Yes, it can be used to very good effect and by rotary is actually pretty nice to work with and finishes down admirably for an aggressive compound, old-hat or not! A bit like G3, it has a bad reputation owing to internet-forum misunderstanding of how to actually use it breading myths, but learn how to get the best from it and it is a valuable compound in any detailer's armoury (if they can overcome the lack of snob appeal of the name on the front  )


----------



## steeve (Feb 28, 2011)

T Cut?
You've got to be joking. It's just too aggressive to use on gloss. It's fine as an intercoat flatting medium but on finished paint, not likely. It will take the gloss off and leave it dull, so you'll end up using something the get the shine back.


----------



## xanimalx (May 13, 2011)

Cor. I wish I never said I used it now lol. I can see a compund off. People who believe that its good use it and show pics of b4 and after. And people who do not like use their equivalent and do the same show b4 and afters. Then we can all make our own minds up then. Or someone do 2cars one car with T-Cut used and the other car with the equivalent. 

This could be fun


----------



## stargazer (Aug 9, 2006)

T-Cut - The equivalent of Special Brew for paint work


----------



## Dave KG (Feb 23, 2006)

steeve said:


> T Cut?
> You've got to be joking. It's just too aggressive to use on gloss. It's fine as an intercoat flatting medium but on finished paint, not likely. It will take the gloss off and leave it dull, so you'll end up using something the get the shine back.


It is approximately the same as Fast Cut in its aggression and when used correctly (see my link above) by machine, on a clearcoat, it will refine just the same as well... It is a heavy cut compound and should be used as such. Treat it like this and it is a very useful product. And, like any heavy cutting compound, it needs refined after use - simples, really. By hand it will remove quite severe marks effectively, easier to use than compounds designed for machine, and use a refining polish afterwards and you've got a good combo for dealing with deeper marks and refining back a good gloss.


----------



## Dave KG (Feb 23, 2006)

xanimalx said:


> Cor. I wish I never said I used it now lol. I can see a compund off. People who believe that its good use it and show pics of b4 and after. And people who do not like use their equivalent and do the same show b4 and afters. Then we can all make our own minds up then.

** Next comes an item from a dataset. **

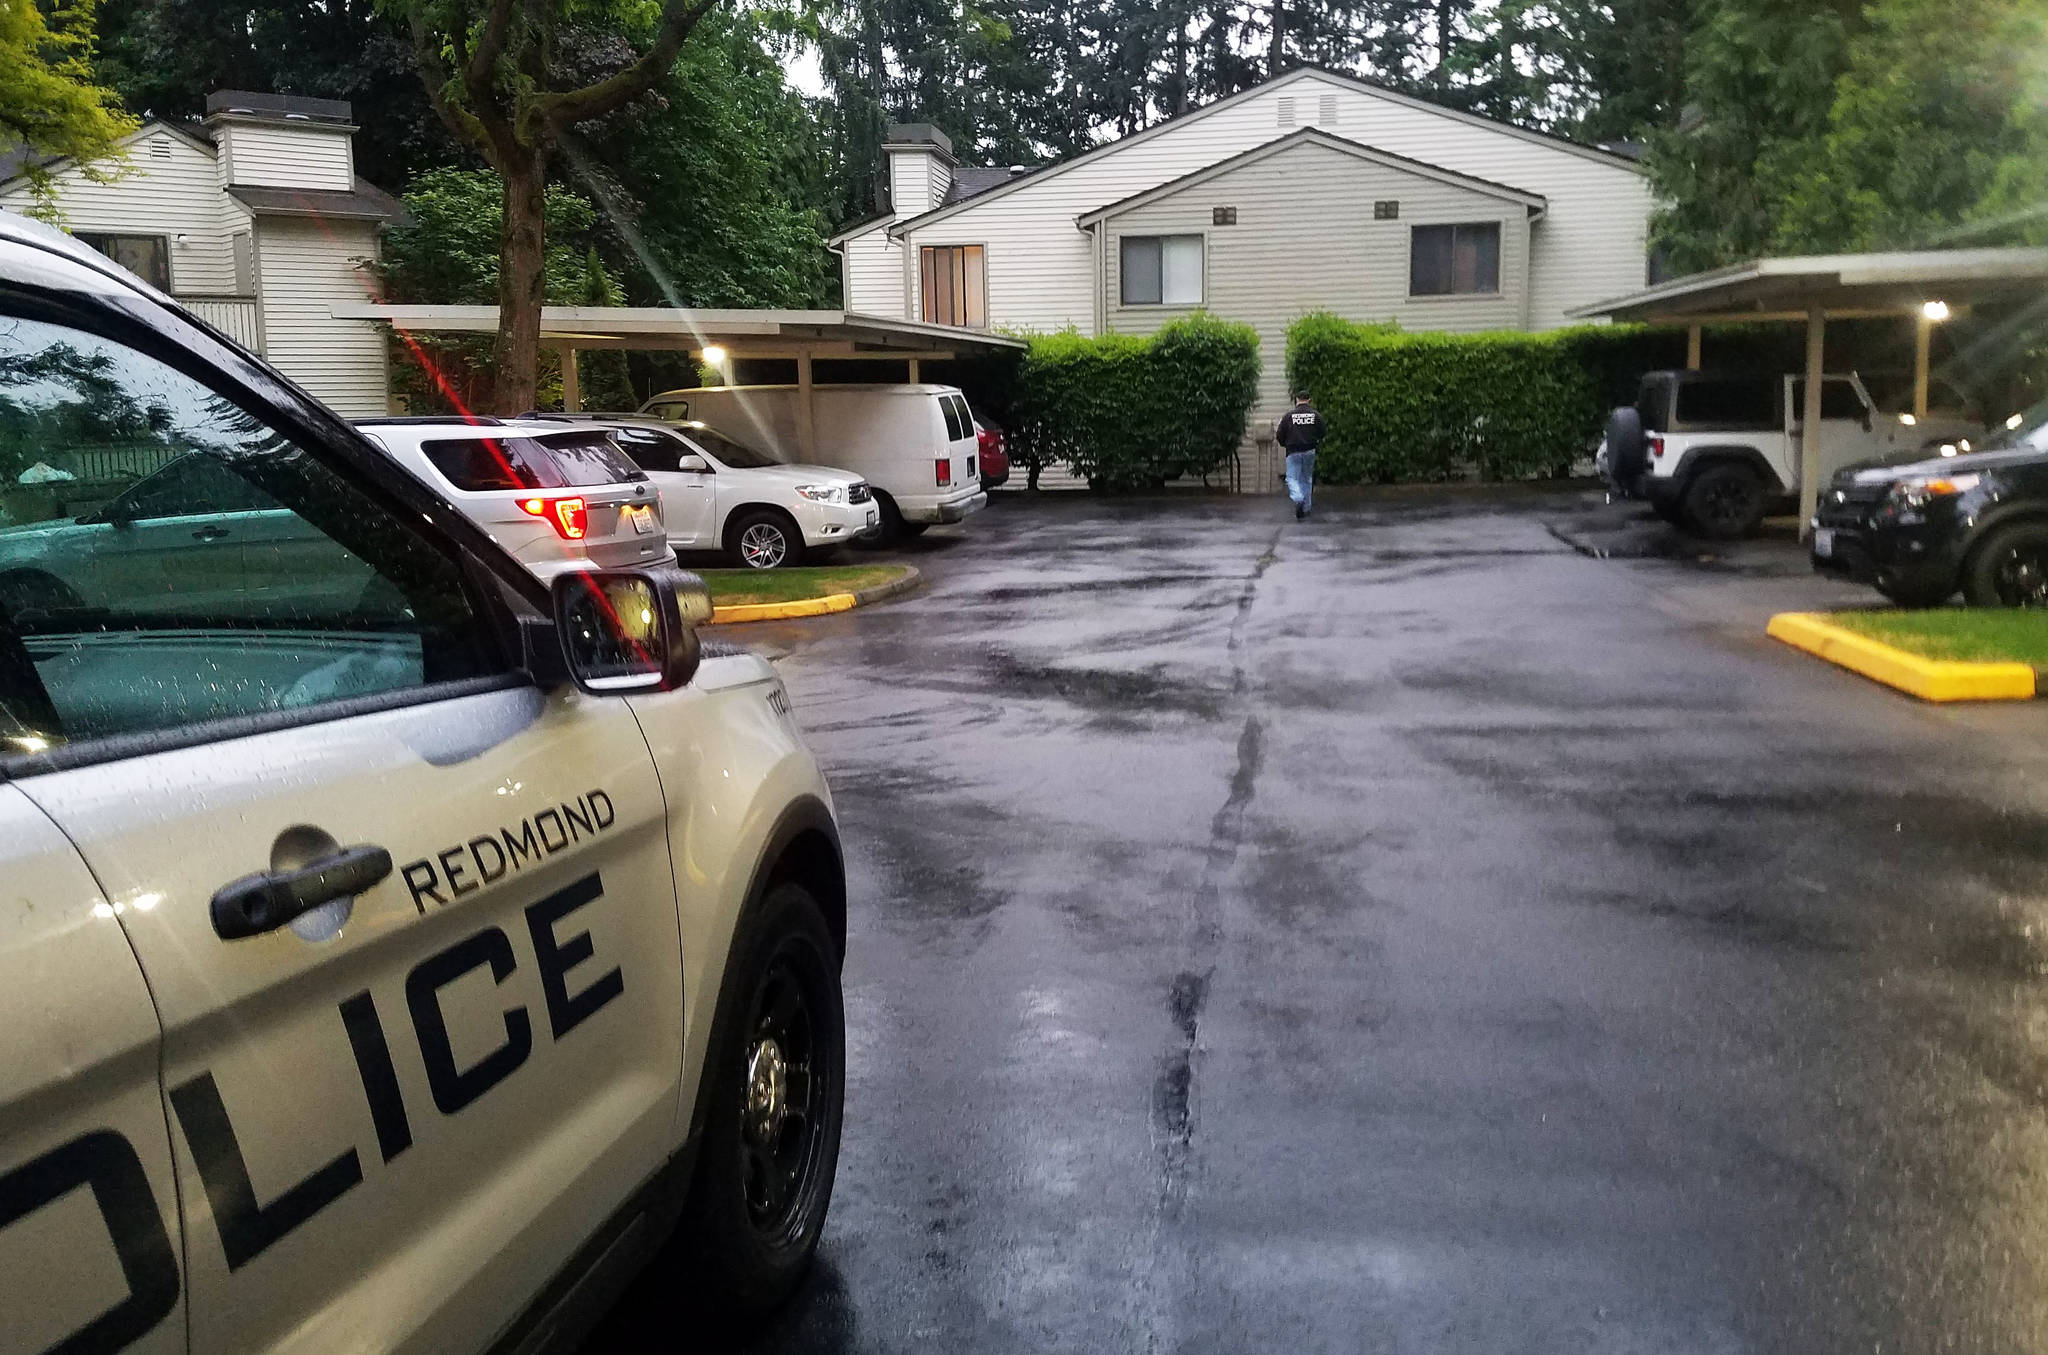 Detectives at the apartment where a 59-year-old Redmond resident was found dead, after an autopsy revealed a gunshot wound to the head, Saturday, May 16. Photo courtesy of Redmond Police Department.

Or someone do 2cars one car with T-Cut used and the other car with the equivalent.
> 
> This could be fun


Look at the link I posted above, my first post in this thread and you will see before and afters of me trialling T-Cut both by hand and by machine.


----------



## PootleFlump (Jan 1, 2006)

I have used it to perfectly reasonable effect generating a perfect shine and without wrecking the paint.


----------



## Lloydy (Jan 13, 2009)

Dave your thread confirms my thoughts, not a bad product to use in the right hands


----------



## davyboy (Jun 7, 2011)

i also use it occasionaly on cars that havent been looked after then follwed up with ag srp by hand then i wax it and find it quite good stuff but iv not tries many of the other harsh compounds before but i dont think it ruins paint instantly as some people claim


----------



## Dingo2002 (Apr 4, 2007)

Dave KG said:


> (if they can overcome the lack of snob appeal of the name on the front  )


Exactly whats being discussed in the corrution thread at the moment.

Comments regarding it being "useless" are utter rubbish and most likely the poster has never even used t-cut.

Old school products used correctly prove that technique over product are what's really important. A bad workman always blames his tools


----------



## toomanycitroens (Jan 14, 2011)

When I was a lot younger that's really all there was, happy with it at the time with a coat of Turtle Wax on top.
Simple days............


----------



## PugIain (Jun 28, 2006)

Dingo2002 said:


> Old school products used correctly prove that technique over product are what's really important. A bad workman always blames his tools


Mer? My Dad and Uncle were using it before I was born.I use it now,not trendy but good stuff.


----------



## Edstrung (Apr 6, 2009)

The only thing I have to say about T-Cut is what a mate said about it...

-T-Cut does NOT fix crash damage


----------



## Dingo2002 (Apr 4, 2007)

Edstrung said:


> The only thing I have to say about T-Cut is what a mate said about it...
> 
> -T-Cut does NOT fix crash damage


Define "crash"


----------



## WaxOnWaxOff (Sep 12, 2010)

The impact of anything hard with your car, however small, above a certain speed  How's that for vague?


----------



## Dingo2002 (Apr 4, 2007)

WaxOnWaxOff said:


> The impact of anything hard with your car, however small, above a certain speed  How's that for vague?


LOL so vague it's practically a politicians promise :thumb:


----------